The ink refill is simply a 0.7mm Pilot G-2 Gel Refill (which is most likely why only 89% of the pen is recycled content), which writes relatively well, but is a bit bolder and smears a little too easy for my liking. As I mentioned above, most of the features of this pen revolves around the fact that it’s the first pen to be made from a recycled water bottle, not around the inventiveness of a new ink system or any other new features. While it was slightly enjoyable to write with, I’m not going to go out and purchase a 20-pack to use at school, work, or just while writing at home, since it’s basically just a Pilot G-2 in a recycled shell. But maybe I can replace the G-2 refill with something more to my liking? Hmm…

Zebra Sarasa SE Model 0.7mm Retractable Gel Pen


Zebra Sarasa SE Model 0.7mm Retractable Gel Pen

So today, for the first time in this blog’s history (at least to my knowledge), I have managed to be one step ahead of both Dowdy of PenAddict.com as well as Brian of OfficeSupplyGeek.com. Neither of them have yet to review this fine writing instrument, so I shall claim first on it (unlike the 101, which OSG reviewed just hours before I went to post my review).

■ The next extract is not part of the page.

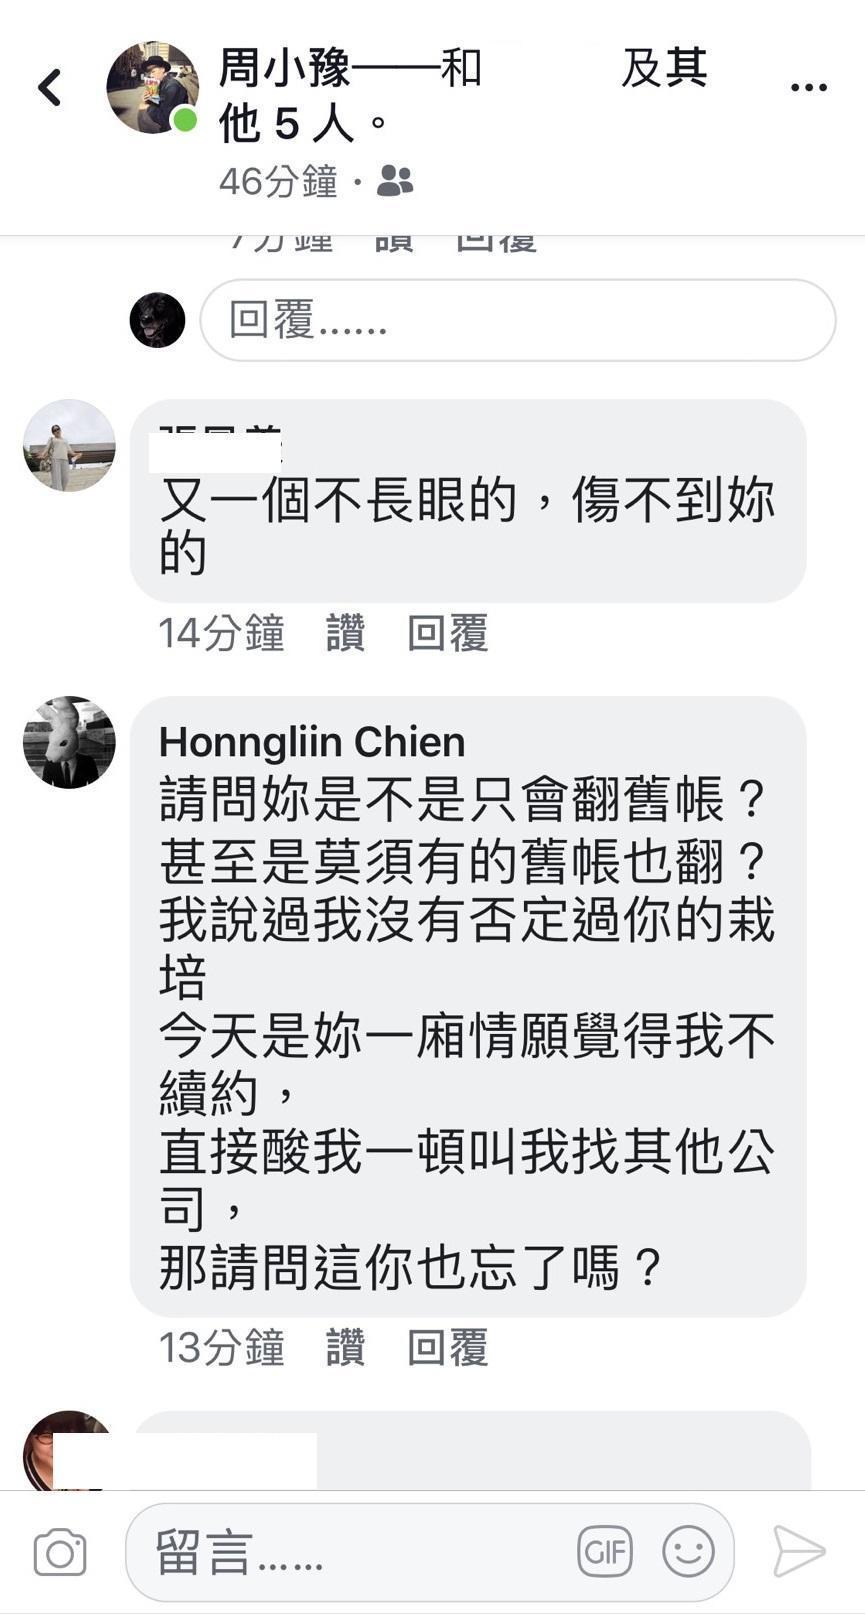 簡宏霖用私人帳號批周美豫「翻舊帳」。(翻攝自周美豫臉書)

The pen we are looking at today is basically a standard Zebra Sarasa gel pen which has had several modifications (all which were wanted/decided upon by the consumer, based upon over 50,000 people who were surveyed). The new features include a textured (small raised dots and three liens) grip, engraved metal clip, and the brand and size are painted on the barrel, rather than on the clip (see side-by-side comparison of an original and an SE in the gallery below.

Other than those minor changes, it’s still a Zebra Sarasa. The only things that have truly changed are purely cosmetic. The ink is still the same, and although I like Zebra’s ink, it smears a bit too much for me (being a leftie). The new grip is relatively comfortable, although I’m not perfectly sure about long-time use. Otherwise, I’m not sure I can truly see the point of paying $6.99 for 4 souped up Sarasas. Sorry Zebra, I’m gonna have admit that I don’t really like your Special Edition Sarasas. Better luck next time…

Pentel Tradio Gel Pen Body/Back From Vacation


So, I’m officially back from vacation (one day later than planned)! We had a great time at North Myrtle Beach, even though it was cold. We stayed in the Prince Resort, which afforded us a 3 bedroom/3 bath suite for little more than $100 a night (November – February is the slow season for the beach, and you can even rent suites by the month for as little as $500-600), and we had an awesome ocean-front view. Click here for tons of sunrise pictures.

Now, for today’s review, we have the Pentel Tradio Energel Body. While the ink refill is one that we know and have grown to love, the body is a different critter altogether. The Tradio brand is originally a fountain pen with a plastic nib, allowing you to create various line widths, but in this instance from JetPens.com, the Tradio body has been redesigned to fit the Energel refills.

The body is smooth, and while the color is listed as grey, it’s really more of a slate or grey-brown. It literally is still the same as the original Tradio body, down to the window showing what normally would be the plastic fountain tip. The grip is a semi-transparent plastic which is grooved and actually relatively comfortable to use, even though it’s hard and not gel.